Question

Using the traditional formula, a 95% CI for p1 − p2 is to be constructed based on equal sample sizes from the two populations. For what value n (= m) will the resulting interval have width at most 0.4 irrespective of the results of the sampling? (Round your answer up to the nearest whole number.)

Answer 1

The minimum sample size required is 49.

Explanation:

The (1 - α)% confidence interval for the difference between two proportions is:

`CI=(\hat p_(1)-\hat p_(2))\pm z_(\alpha/2)\ \sqrt{(\hat p_(1)(1-\hat p_(1))+\hat p_(2)(1-\hat p_(2)))/(n)}`

*The sample size is considered equal in this case.

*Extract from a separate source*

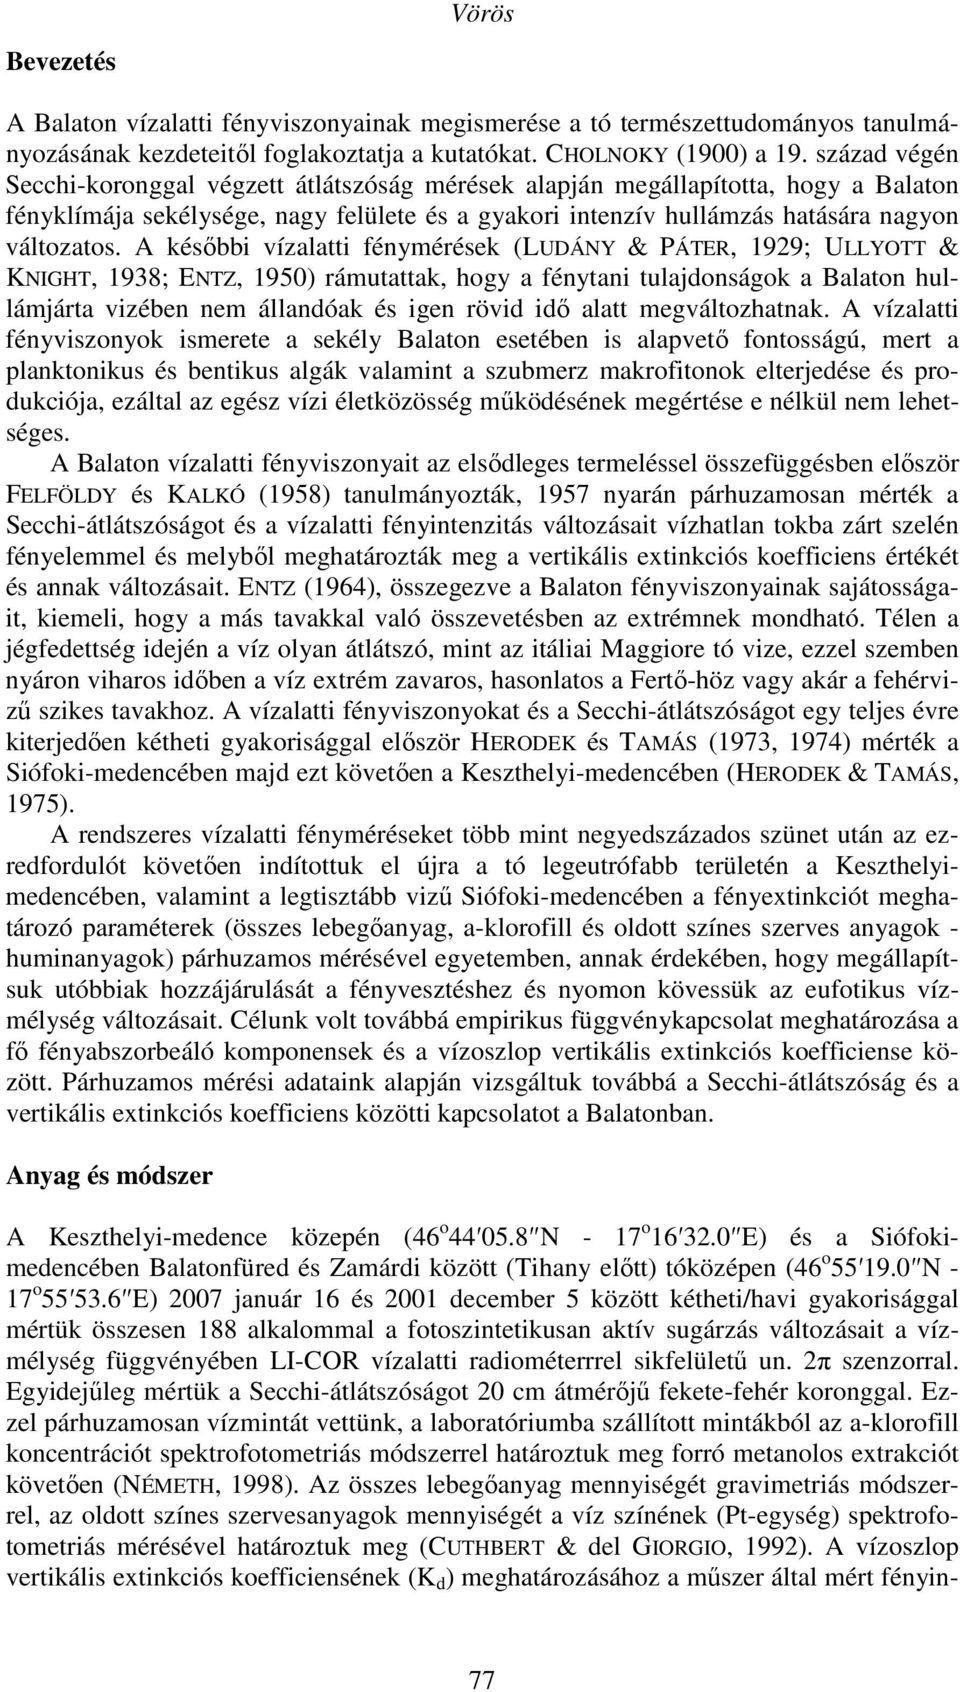 A későbbi vízalatti fénymérések (LUDÁNY & PÁTER, 1929; ULLYOTT & KNIGHT, 1938; ENTZ, 1950) rámutattak, hogy a fénytani tulajdonságok a Balaton hullámjárta vizében nem állandóak és igen rövid idő

The width of the interval is at most 0.40.

Then the margin of error of the interval will be:

MOE = Width ÷ 2 = 0.20

The formula of the margin of error is:

`MOE= z_(\alpha/2)\ \sqrt{(\hat p_(1)(1-\hat p_(1))+\hat p_(2)(1-\hat p_(2)))/(n)}`

Assume that the two sample proportion values are 0.50.

The critical value of z for 95% confidence level is:

`z_(\alpha/2)=z_(0.05/2)=z_(0.025)=1.96`

Compute the sample size required as follows:

`MOE= z_(\alpha/2)\ \sqrt{(\hat p_(1)(1-\hat p_(1))+\hat p_(2)(1-\hat p_(2)))/(n)}`

`n=[\frac{z_(\alpha/2)* \sqrt{\hat p_(1)(1-\hat p_(1))+\hat p_(2)(1-\hat p_(2))}}{MOE}]^(2)`

`=[(1.96* √(0.50(1-0.50)+0.50(1-0.50)))/(0.20)]^(2)\\\\=48.02\\\\\approx 49`

Thus, the minimum sample size required is 49.